System.Diagnostics.ProcessThread.StartTime
is left unimplemented on Haiku.
getdomainname
Haiku does not support NIS domain names. Furthermore, on my test WSL instance, getdomainname
returns an empty string and .NET still works fine. Therefore, I believe it is safe to stub this
function on Haiku.
SOCK_DGRAM
Haiku does not support datagram UNIX domain sockets. .NET
would then
think
that the whole AF_UNIX
family of sockets are unsupported on Haiku.
The workaround currently used is to check for SOCK_STREAM
in addition to SOCK_DGRAM
if the
returned error is EPROTONOSUPPORT
or EAFNOSUPPORT
.
IPv6
Despite defining all the standard constants in compile-time, Haiku does not have full IPv6 support.
Some operations that .NET requires (setsockopt
with
IPV6_V6ONLY
)
is currently stubbed.
Luckily, .NET already exposes a switch to disable IPv6, DOTNET_SYSTEM_NET_DISABLEIPV6=1
, so no
ugly source changes are required.
Double mapper
.NET has a strange feature that allows mapping the same physical pages once with read-write and
another time with read-exec called the “double mapper”. On macOS, it is cleanly implemented using
vm_remap
. On other UNIXes, a workaround using a shared memory file is used instead.
The implementation for Haiku currently follows the shared memory file path, but this causes
problems on fork
and also somehow makes the system unstable after multiple usage.
Haiku has a method to clone virtual address pages (clone_area
), but this function only allows
cloning one area at a time, while .NET needs to atomically clone arbitrary ranges of pages.
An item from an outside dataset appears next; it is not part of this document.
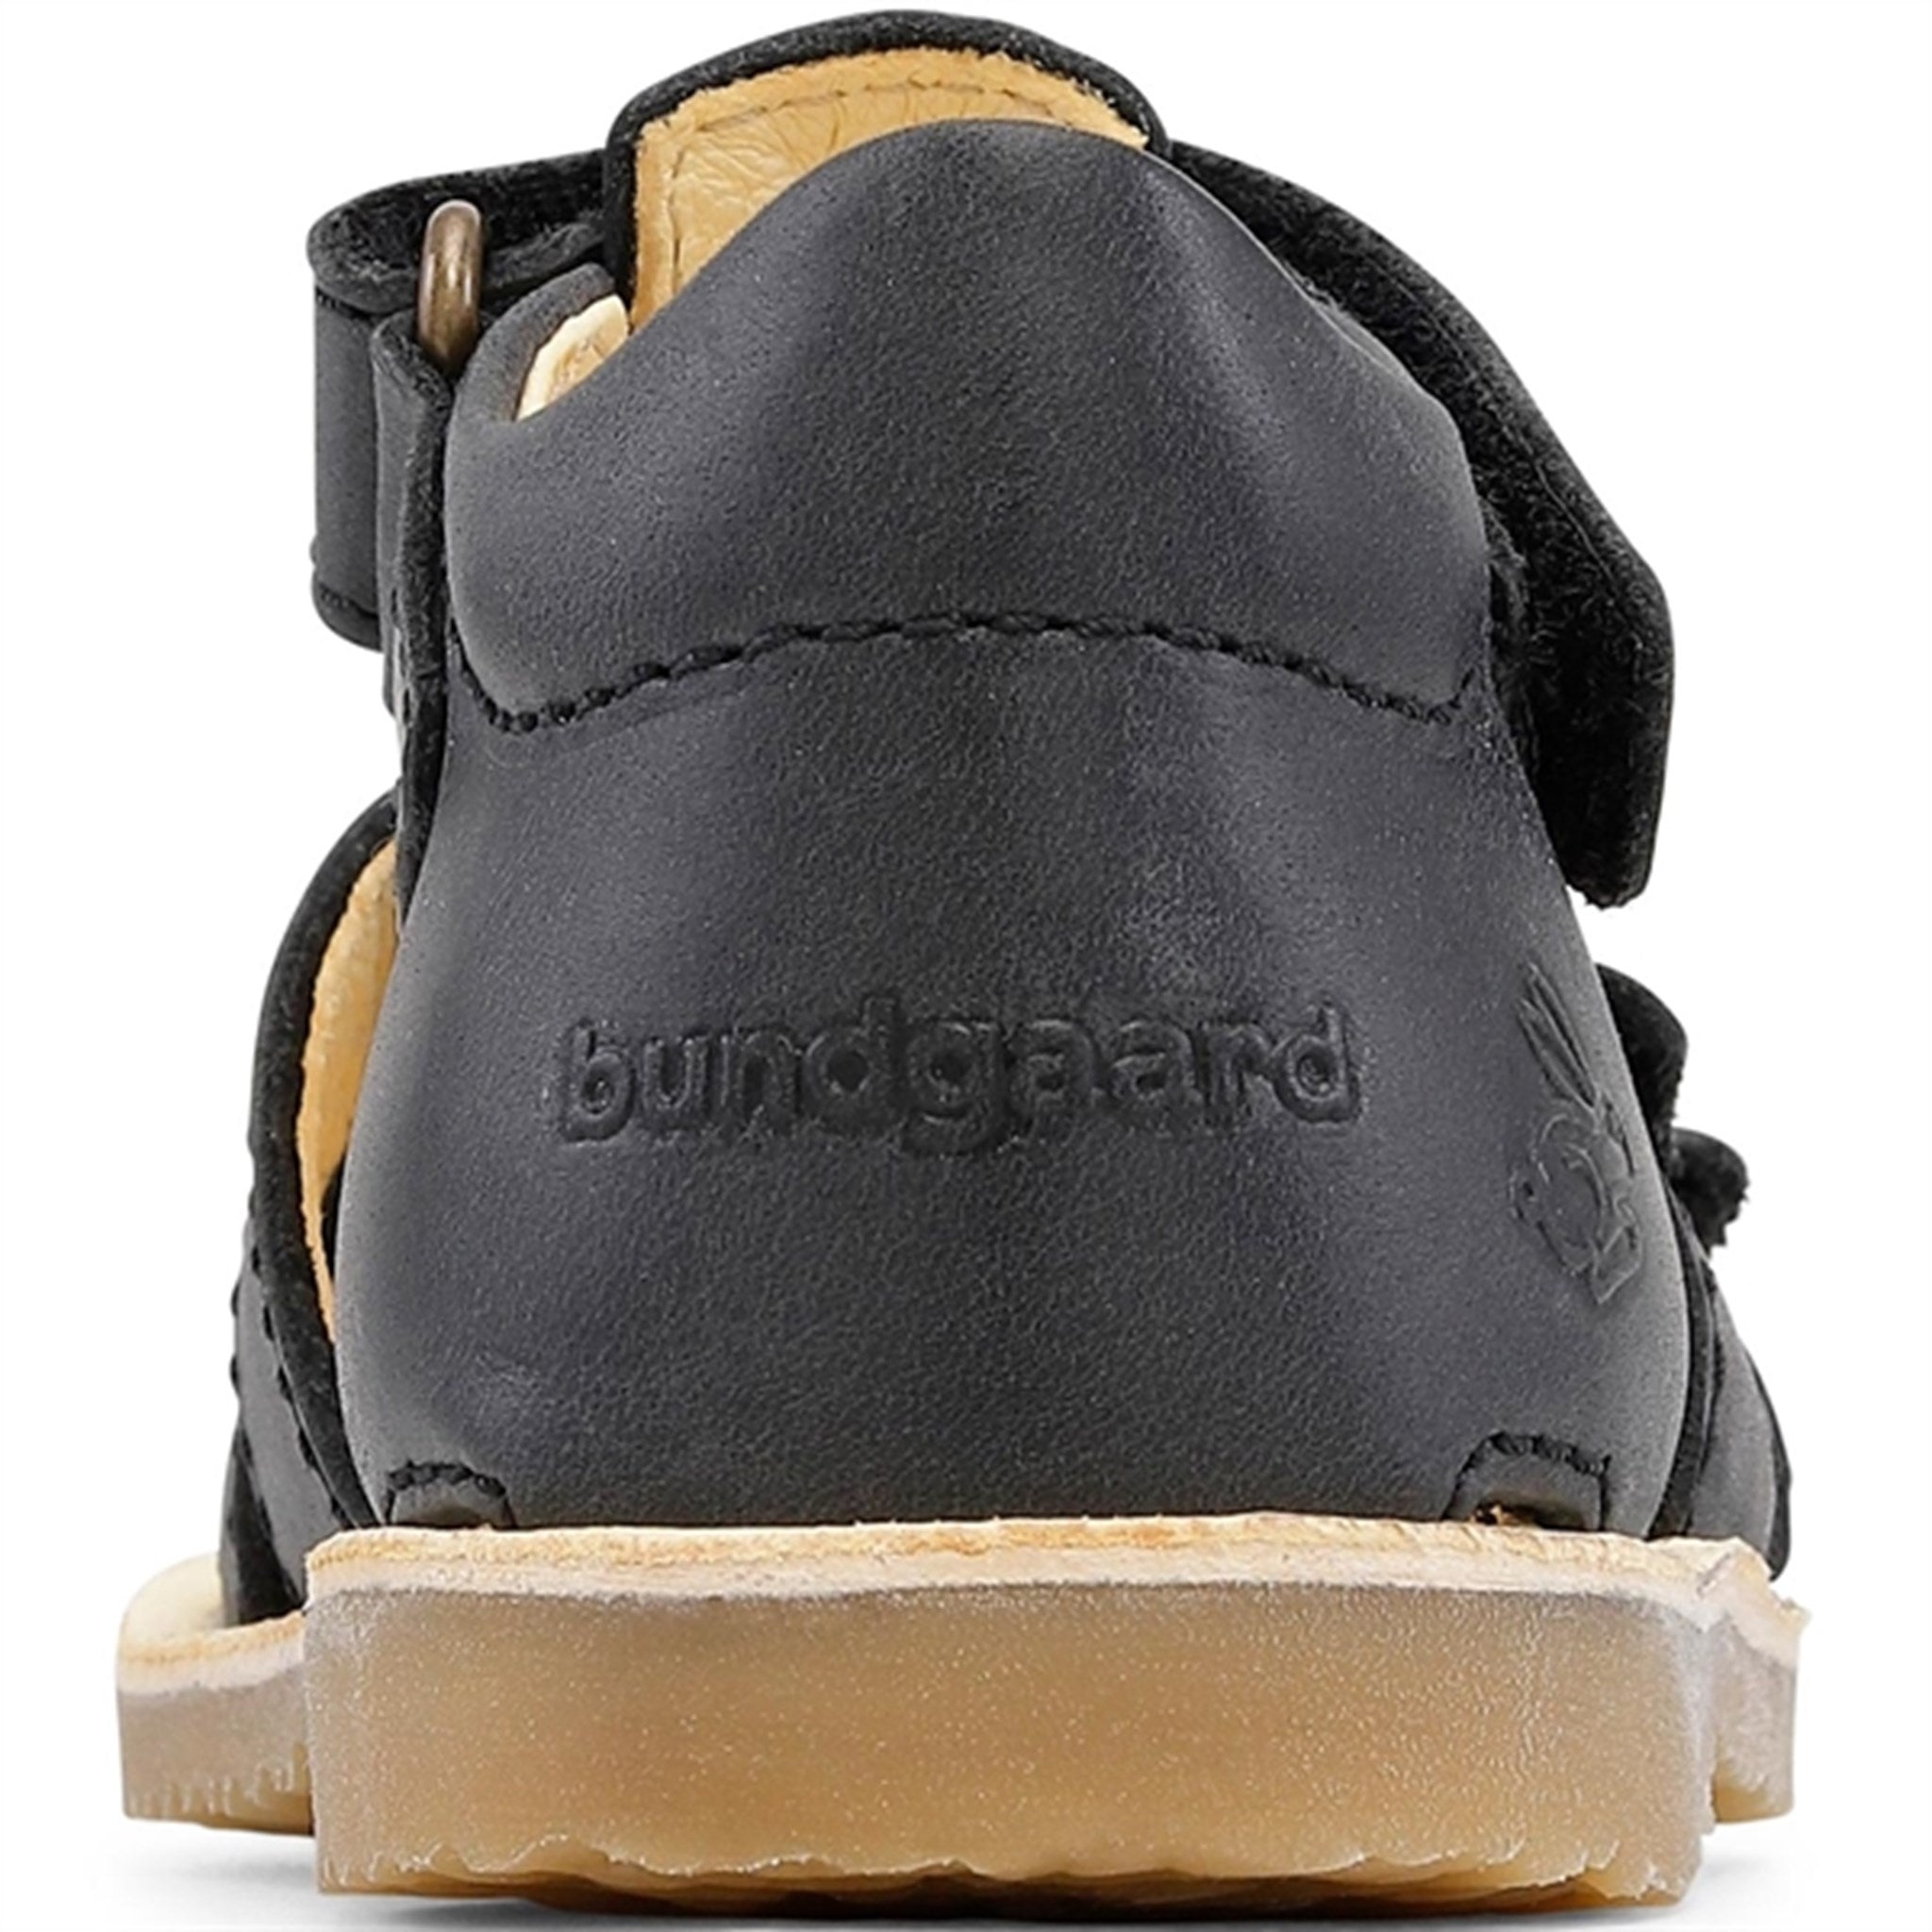 Bundgaard Sandal Shea Black 5

In my opinion, the ideal fix is a new syscall,
_kern_remap_memory
,
that I have mentioned in my previous blog. For a while I thought I could make an attempt to
implement this, but I was stuck on the problem of potentially having to merge two VMCache
s.
For now, I will just disable this feature to focus on the main goal of this project. This
is done by applying the environment variable COMPlus_EnableWriteXorExecute=0
.
If anyone is interested with the problem on fork
, this is the trace generated by running
dotnet build
with double mapping enabled:
[ 3707] fork() <unfinished ...>
[ 3696] <... mutex_switch_lock resumed> = 0x80000009 Operation timed out (100353 us)
[ 3696] mutex_switch_lock([0x1], [0x1], "pthread condition", 0x10, 0xb832be1) <unfinished ...>
[ 3707] <... fork resumed> = 0xe7f (119574 us)
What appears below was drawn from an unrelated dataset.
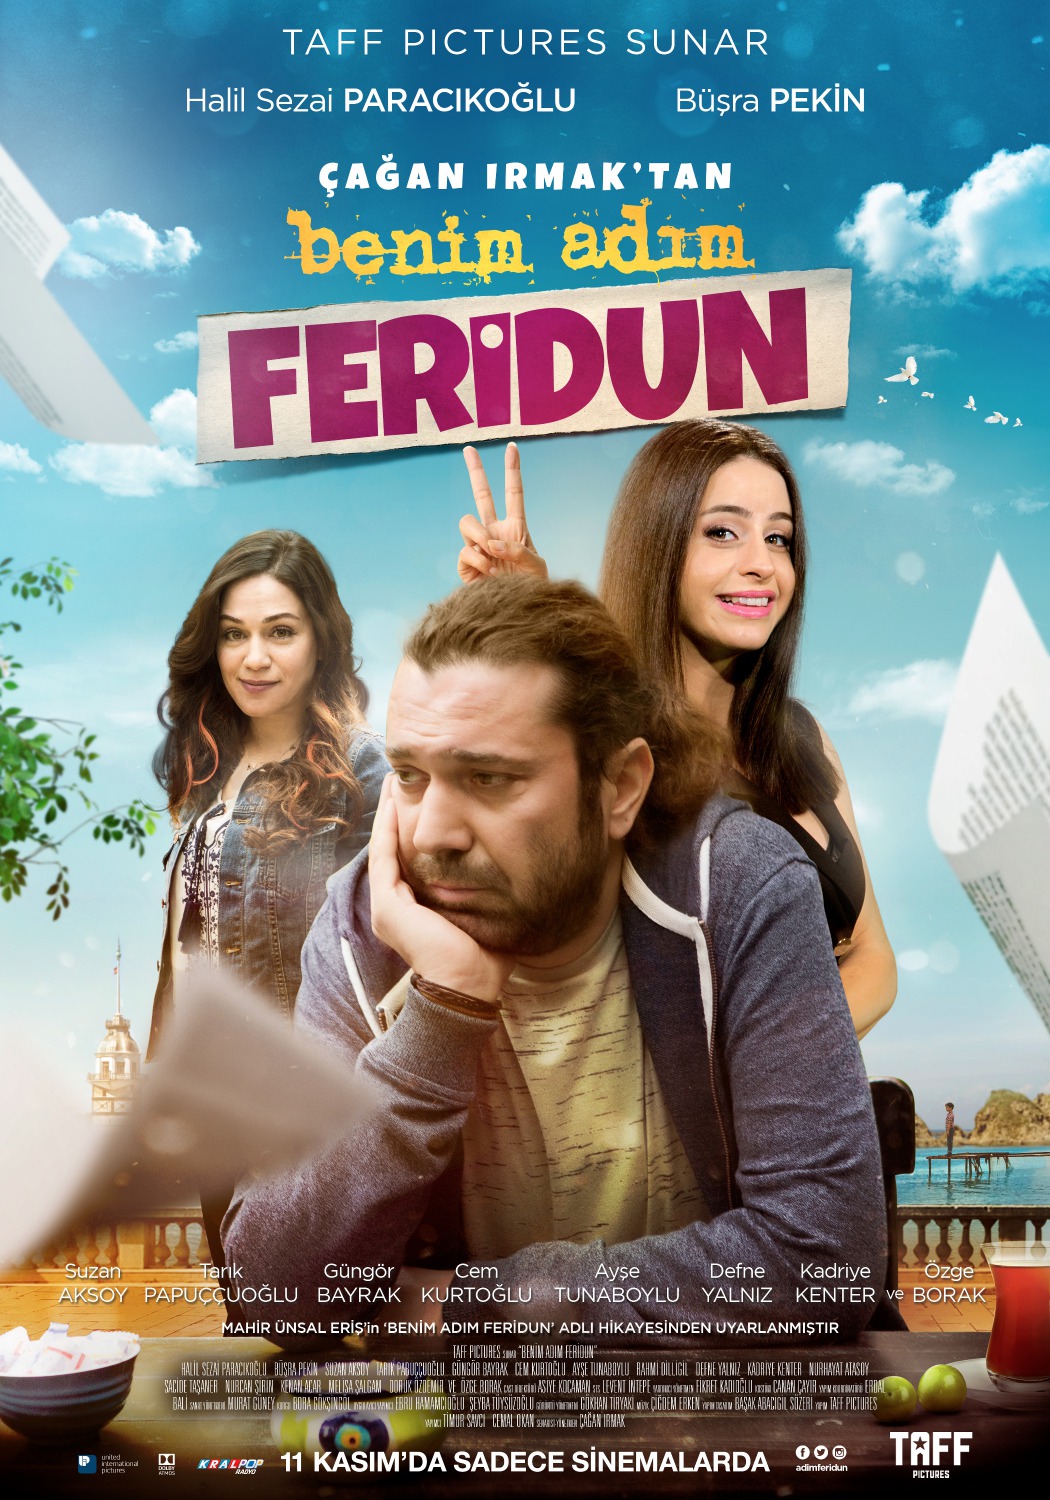 Extra Large Movie Poster Image for Benim Adim Feridun

[ 3711] area_for(0x11353d60e000) <unfinished ...>
[ The usual ritual of a newly forked process that 3711 is doing... ]
[ 3707] --- SIGSEGV (Segmentation violation) {si_signo=SIGSEGV, si_code=SEGV_ACCERR, si_errno=0x80001301, si_pid=3689, si_uid=0, si_addr=0x19bd45bb438, si_value=(nil)} ---
[ 3711] map_file("dotnet_seg1rw", [0x75da827000], B_EXACT_ADDRESS, 0x1000, B_READ_AREA
The latest reference to the faulting address before crashing:
[ 3689] set_memory_protection(0x19bd45b8000, 0x4000, B_READ_AREA|B_EXECUTE_AREA) = 0x0 No error (199 us)
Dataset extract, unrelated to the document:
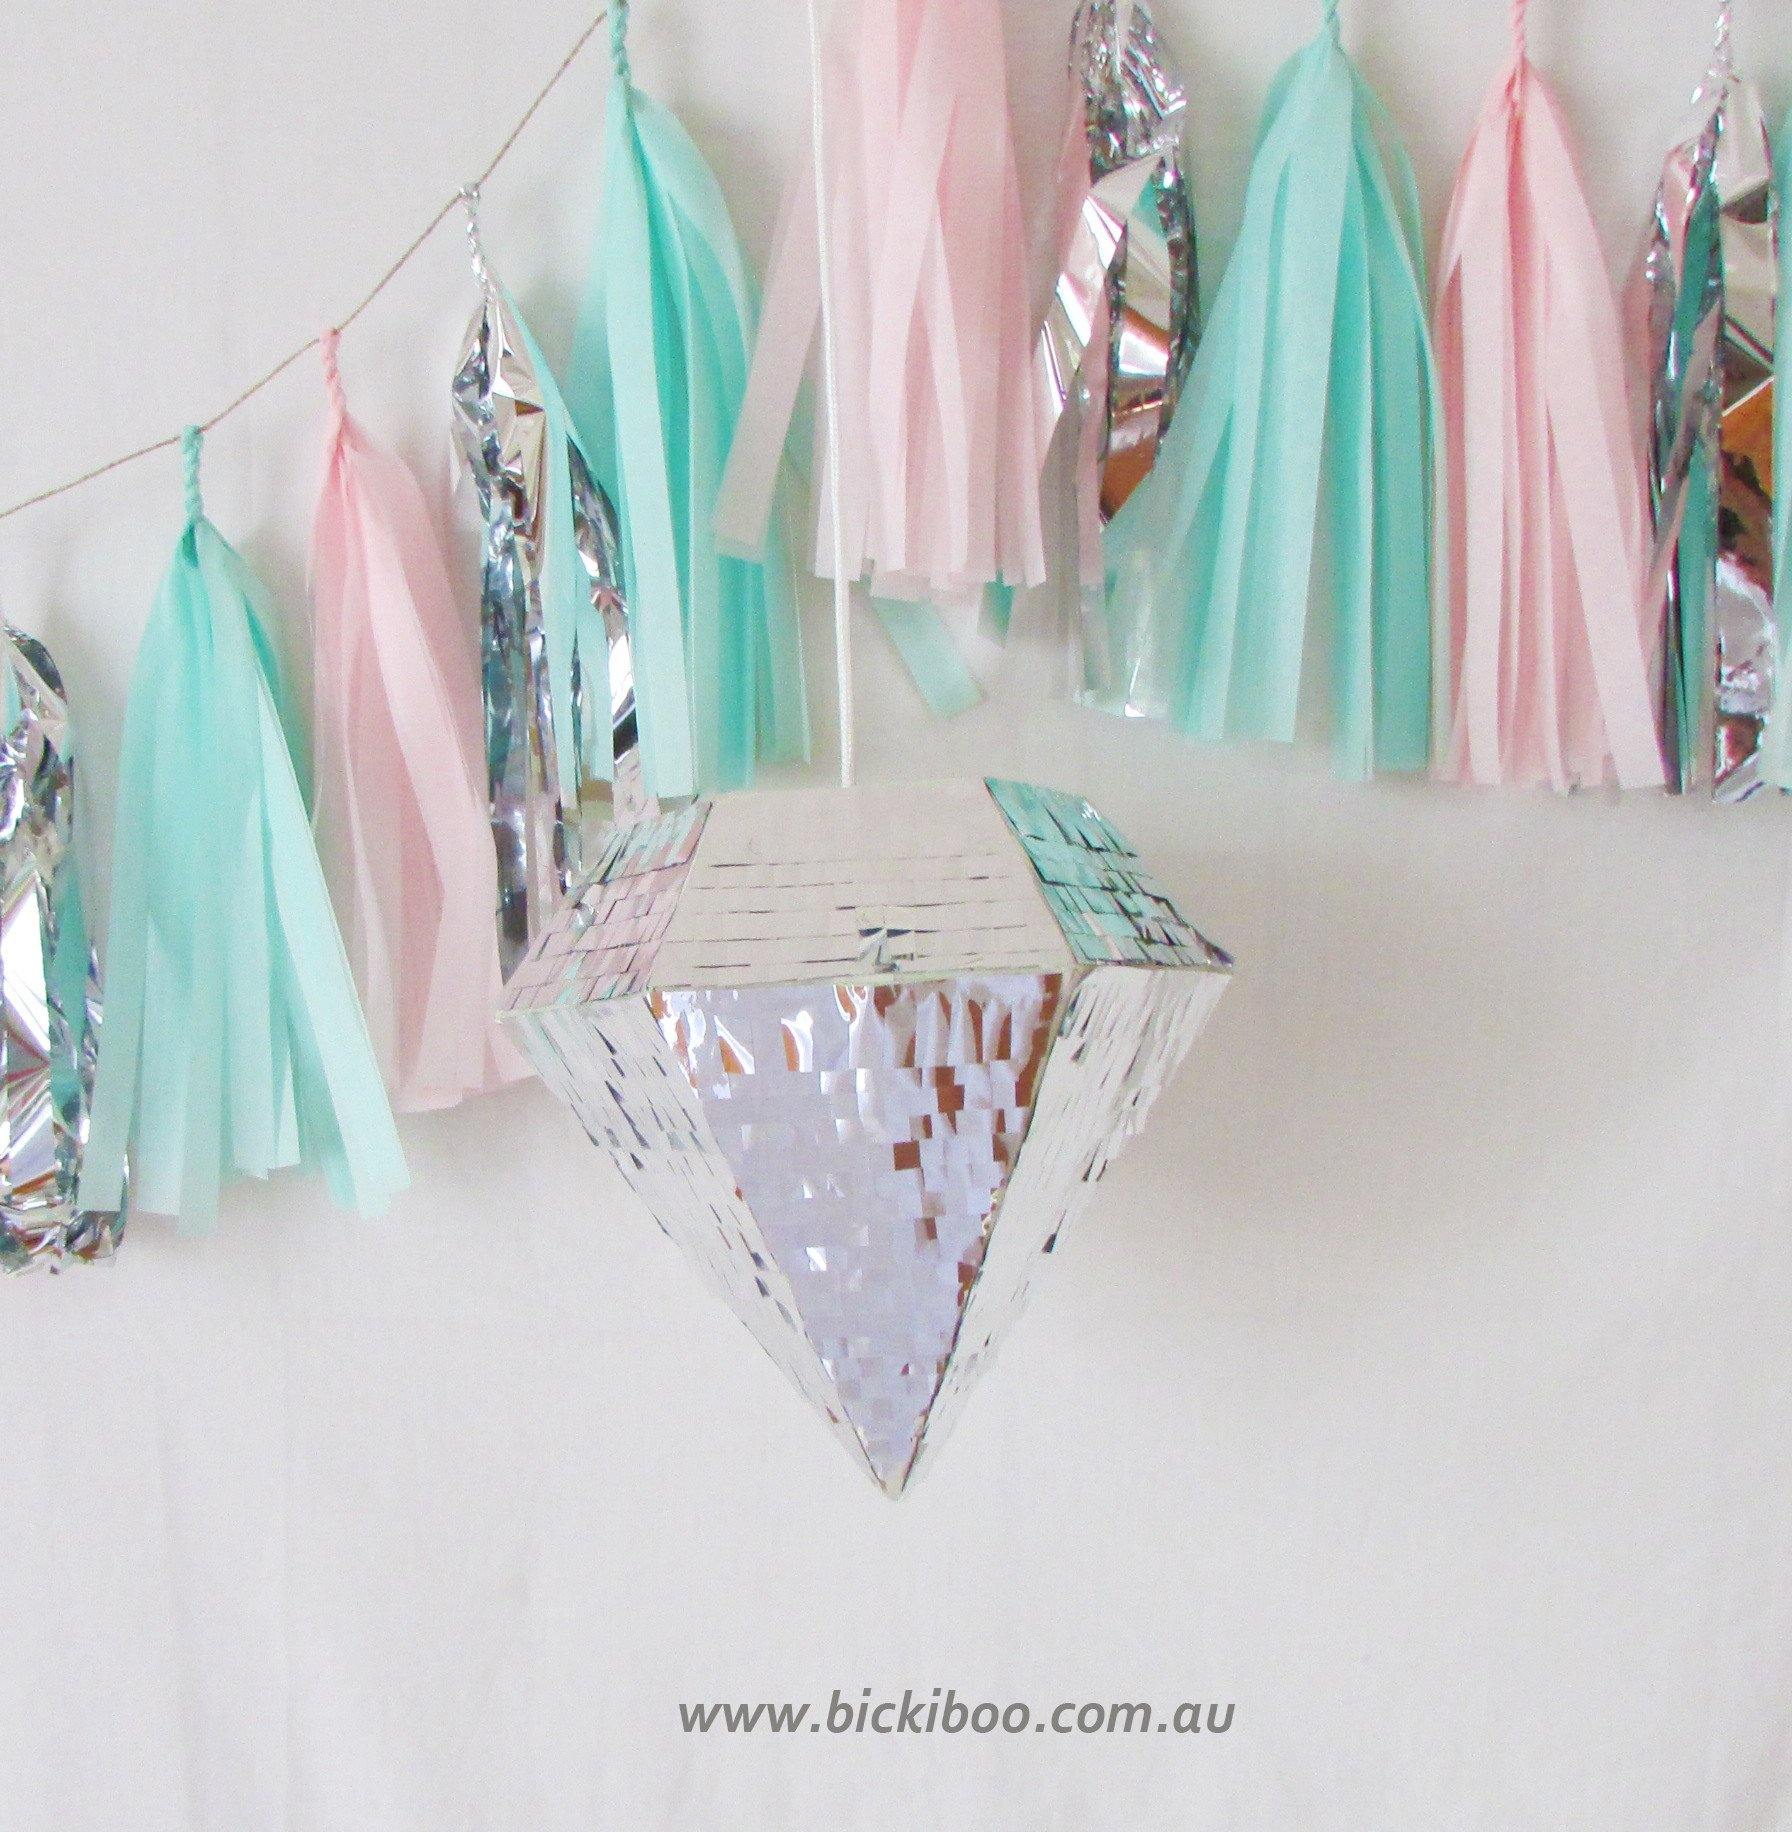 Diamond Piñata - Bickiboo Designs

[ 3689] set_memory_protection(0x19bd45bc000, 0x4000, B_READ_AREA|B_WRITE_AREA) = 0x0 No error (188 us)
si_code
is SEGV_ACCERR
so the pages have not been unmapped. It has something to do with the
protection of these pages. Also, note that the crashing process is the parent, not the newly
fork
ed child.
Conclusion
The past few weeks have been quite challenging, one bug after another. I started writing this blog on 28/05/2023, but one bug came after another, all of which touch delicate aspects of either Haiku or .NET.
On the bright side, a factor that I was worried about in my proposal - the rapid change of .NET -
did not seem to affect the Haiku port. Sure, dotnet/runtime
still gets thousands of lines of diff
daily by numerous contributors, but these changes do not seem to touch core infrastructure like
what I experienced in my .NET 7 port. Perhaps the team does not want to add too many major features
before a long term support release?
So, hopefully, despite of all the unforeseen bugs, I hope that this project can still proceed according to the original plan.
Once again, I might have left some points behind, if there are any questions about any part of my port, feel free to leave them in the comments section.
Appendix - Pull requests/patches
Like the previous blog, I will have a list of pull requests/patches. Those that have been included in the previous blog (pending and still pending now, or already merged) are not displayed here.
Merged
haiku/haiku
- kernel/team: Allow retrieving more attributes (#6390)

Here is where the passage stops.